Tuesday, May 25, 2004

This is weird

Mark Cuban has a story on his website about how the NBA head of officiating, Ed T. Rush is leaving the job to become an assistant football coach at Bloomsburg University in Pennsylvania. Here's a quote from the Huskies well-known kicker Garrett Bloom(?) on 'the new guy' spotted on the sidelines during a game last season:
"He looked familiar, but I had no idea who he was," Bloom admitted.

This spring, Rush has worked with Bloom as the Huskies’ new special teams coach. The West Chester University graduate and Hale’s close friend, has helped Bloom become more consistent this spring. "He got me to move my plant foot back about 6 inches," Bloom said. "It’s helped me become more consistent. I’m kicking it higher and farther and straighter. I used to hook it a lot."
Sweet. Not only does he know everything about NBA officiating, he's a special teams guru to boot! This is an interesting career change. But even though Rush is switching sports, I'm sure he must view it as a quality of life improvement -- especially given that he'll have to spend less time critiquing his employees performance and receiving critizism for his employees performance. Not only that, but he'll probably be able to operate in relative obscurity and do something he enjoys.
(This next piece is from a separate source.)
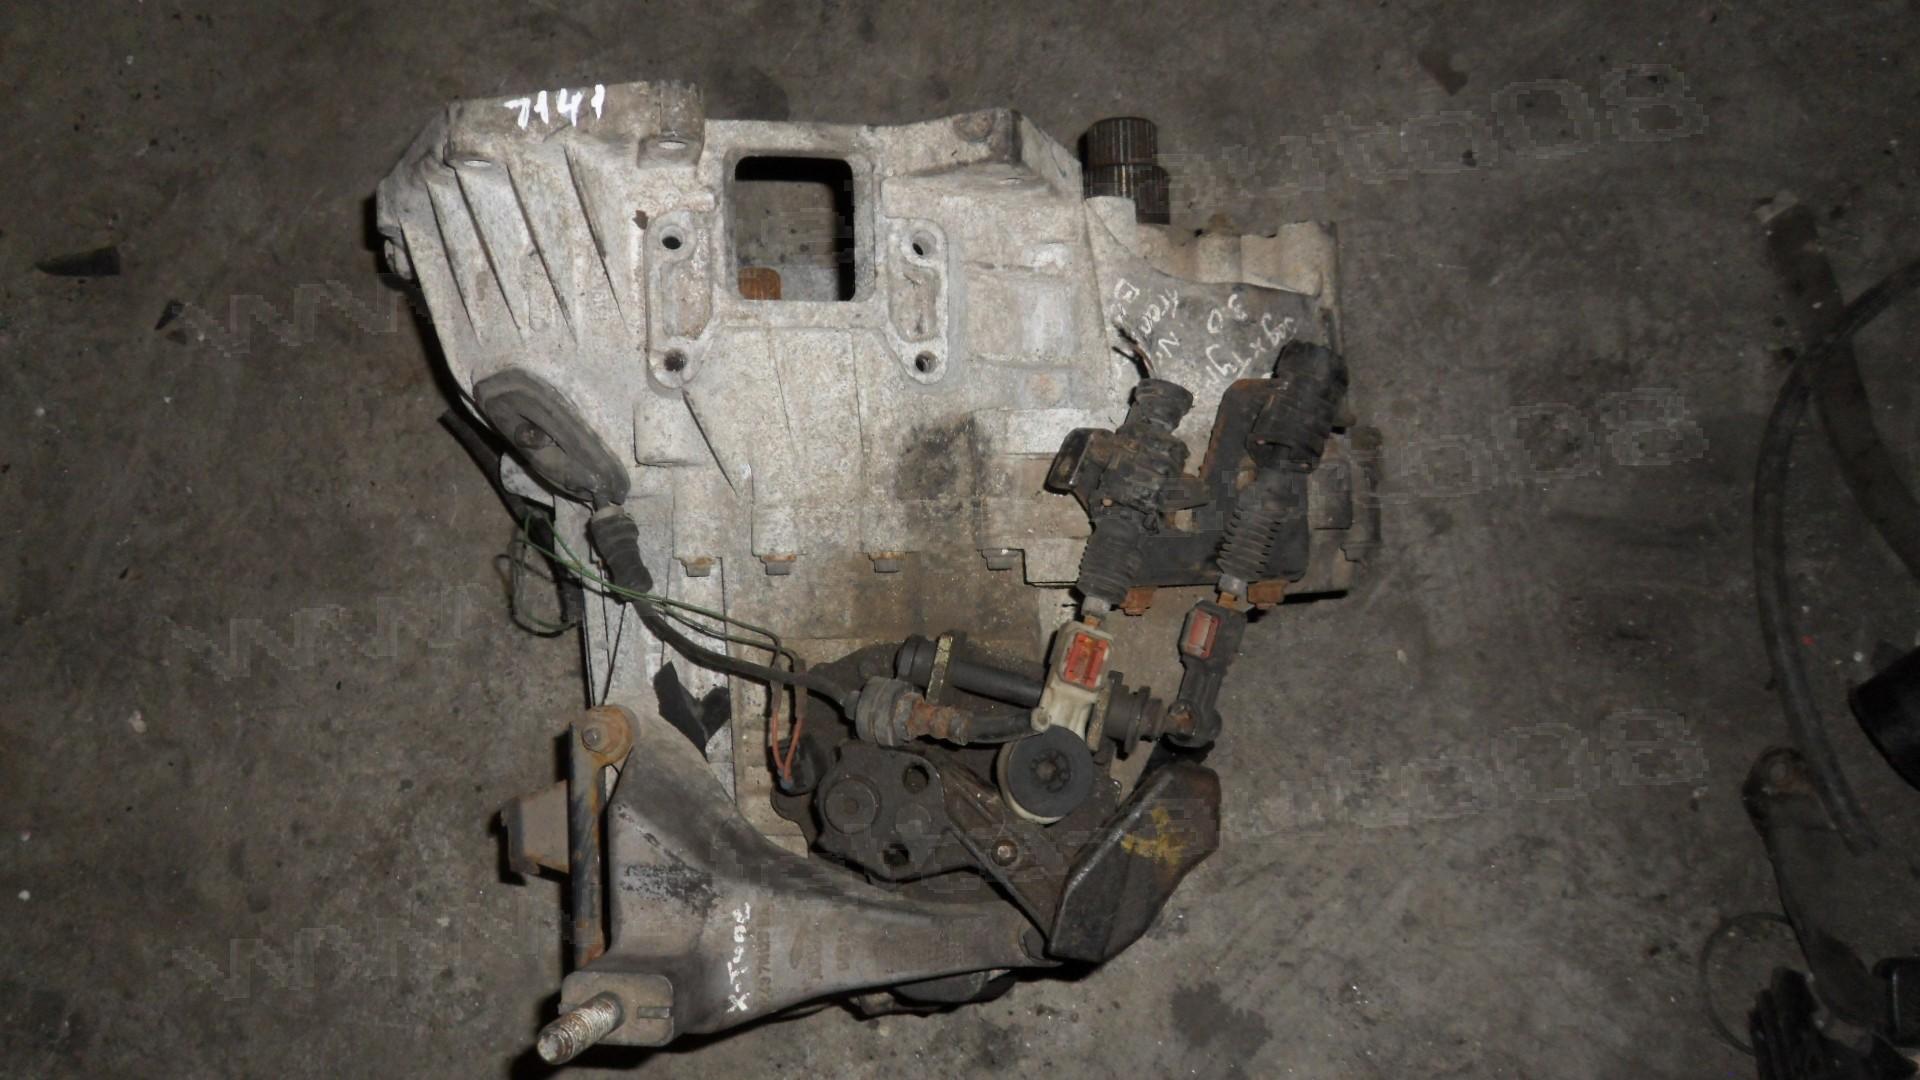 Ръчна скоростна кутия за Jaguar X-Type, 2.5, V6, 3.0, V6, 4x4, 2001-2010г., 1X4R 7002 AE, 1X4R7002AE - 5 скорости

More importantly, whoever takes over for him as head of officials will hopefully re-implement the traveling violation. I saw more travels in 2003-2004 than I had seen in a lifetime of watching basketball.

Update: After watching the Pacers & Pistons last night, I think it's probably wise that Rush is changing careers. The game was officiated by what looked to be high school refs. It was awful. Charges underneath the basket, double-dribble calls that weren't double-dribbles and the always-popular phantom foul calls. The highlight however, was when ESPN's Jim Gray interviewed the Colts Peyton Manning and Marvin Harrison during one of the timeouts and Peyton referred to Gray as "Dan." Nice.